Kube-proxy failures – The Saga of Conntrack Max
Kube-proxy, upon startup, checks the conntrack max setting, and if it is more than four times larger than the hashsize, will attempt to increase the conntrack hashsize. For most cases, like GCE or a VM on a Mac, this will not occur. However, if you have a large system with many CPUs, then this adjustment will be attempted.
Unfortunately, there is a docker bug () where, in a nested docker environment (like DinD), the update fails. Kube-proxy checks to see if the file system is writeable (it says it is), and then tries to update a file and fails with a read-only error. The kube-proxy log will show this message:
write /sys/module/nf_conntrack/parameters/hashsize: operation not supported
DinD attempted to work-around this problem, by telling kube-proxy, via command line settings, to skip changing any settings related to conntrack. Unfortunately, kube-proxy was recently changed, such that the config file, if present (it is with Kubernetes 1.9+), will take precedence over the CLI settings.
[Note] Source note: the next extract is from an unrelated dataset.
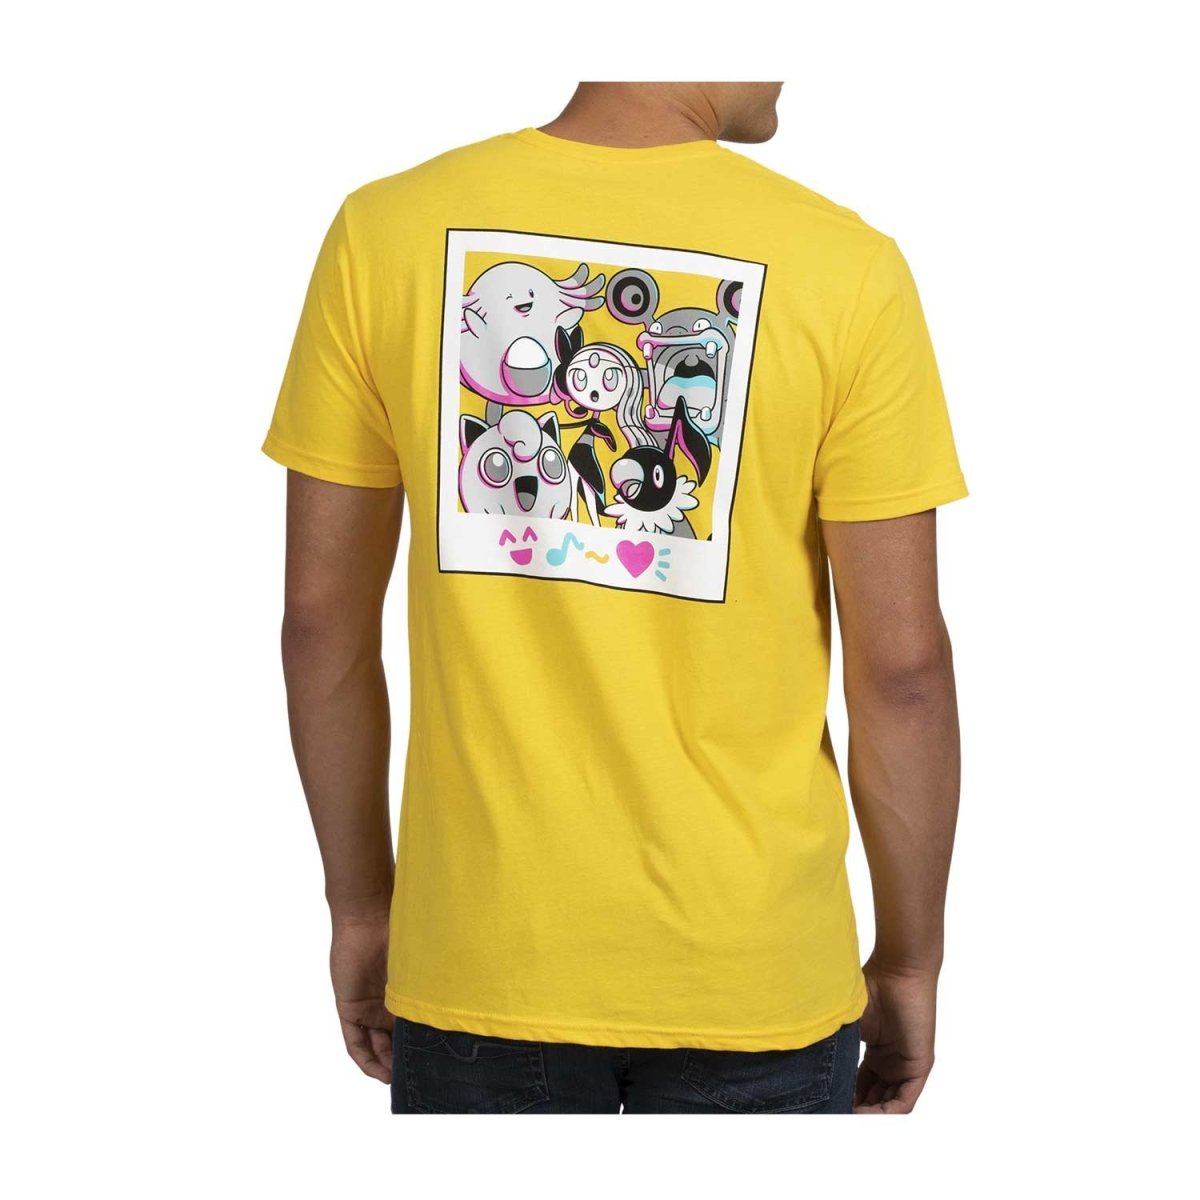 Pokemon Yellow Color Criss Cross Tank Top - CFM Store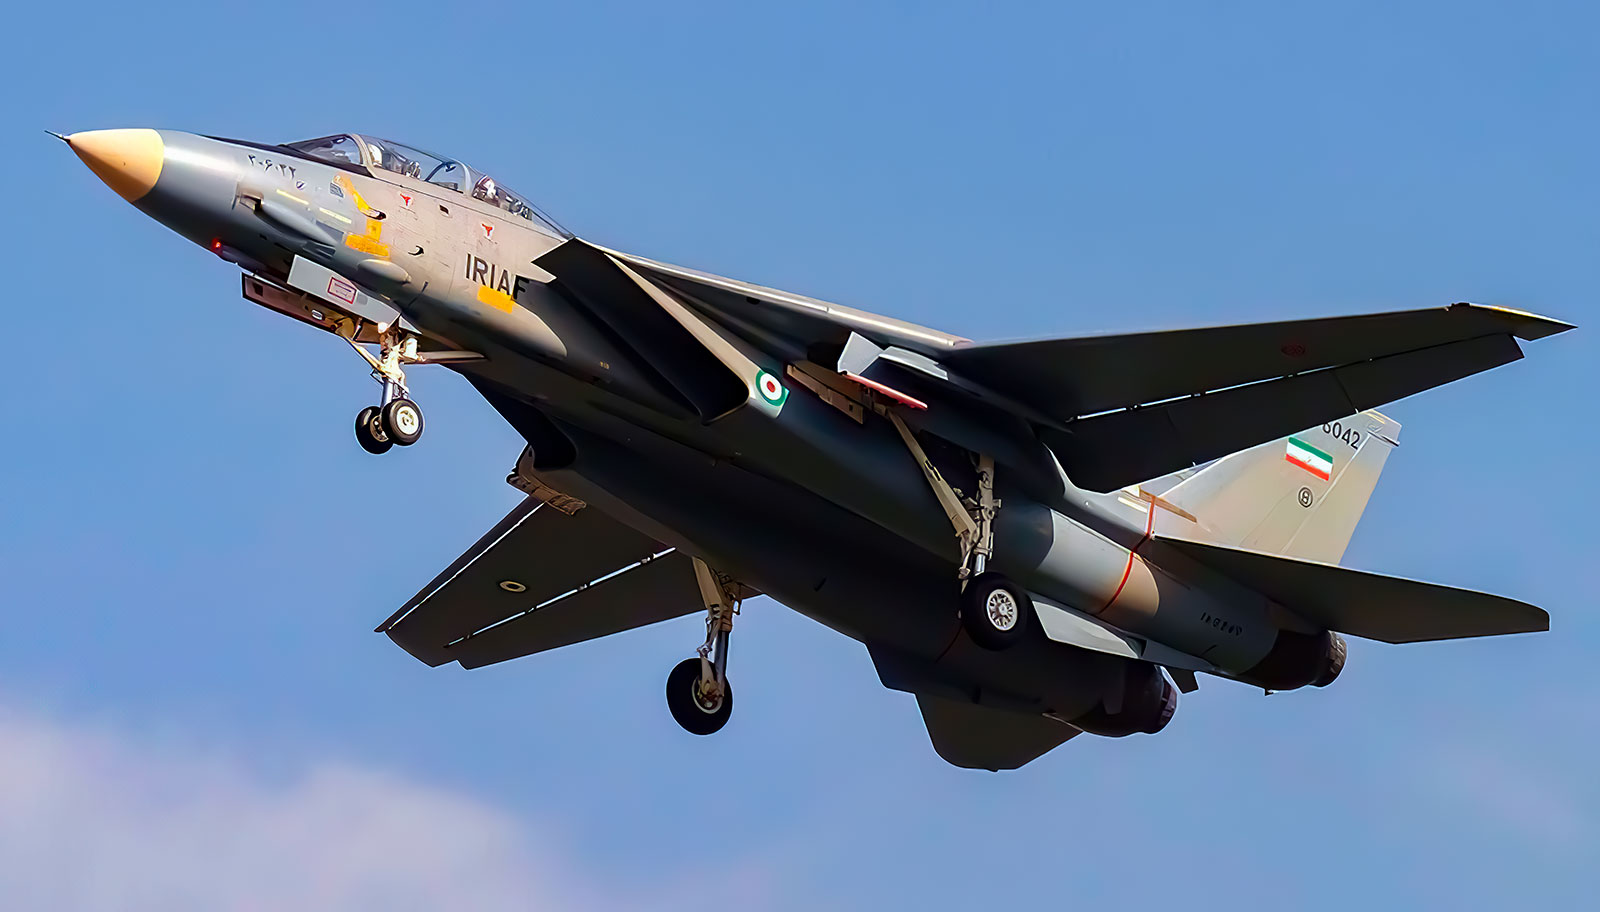 Avión de combate F-14 Tomcat iraní se estrella: pilotos sobreviven

The config file does not have any settings for conntrack, and so defaults are used, which on some systems will cause kube-proxy to attempt to update the hash size (and it fails).
For example, I have a system with 32 CPUs and kube-proxy uses a default conntrack value of 32768 for max-per-core. We end up with a conntrack value of 1048576 (32768 * 32), which is more than four times the system’s hashsize of 65536.
I created issue #50 in the kubeadmin-dind-cluster project to address the problem. This issue has a patch for Kubeadm, which can be used as a temporary workaround on systems that exhibit the kube-proxy crash, when attempting to update hashsize. If you see the kube-proxy crash with docker log messages like below, you can include the patch from the issue into the code:
I1130 18:53:44.150679 1 conntrack.go:52] Setting nf_conntrack_max to 1048576 I1130 18:53:44.152679 1 conntrack.go:83] Setting conntrack hashsize to 262144 error: write /sys/module/nf_conntrack/parameters/hashsize: operation not supported
An alternative to doing a patch, is to look at the hashsize value trying to being set (e.g. 262144), and setting that manually on the host, before doing “dind-cluster.sh up”. For example:
sudo su echo "262144" > /sys/module/nf_conntrack/parameters/hashsize cat /sys/module/nf_conntrack/parameters/hashsize
For NAT64, a Tayga container built by Daneyon Hansen is used. It has a private IPv4 pool for mapping local IPv6 addresses to IPv4 addresses that can be NATed, and used for external site access. The pool is set to a /25 (126 hosts) subnet. If a larger pool is needed, the container would need modifications.
Lab Systems and DNS
You may see a case where DNS64 is unable to forward the DNS requests to an outside system like 220.127.116.11. In those cases, I’ve had success with using a company DNS server instead. Hence the programmable setting REMOTE_DNS64_V4SERVER. 🙂
Warning on noswap
When you bring up/tear down a cluster, you may see this warning about swap:
WARNING: No swap limit support
I’ve seen the warning on Ubuntu 16.04, and it was benign, however other people have seen issues with bringing up the cluster under CentOS 7.
To deal with this, you can check what devices are listed in the output of “cat /proc/swaps”. If there is an entry, you can turn off swap, by running the follow command (showing example for /dev/dm-1):
swapoff -v /dev/dm-1 rm /dev/dm-1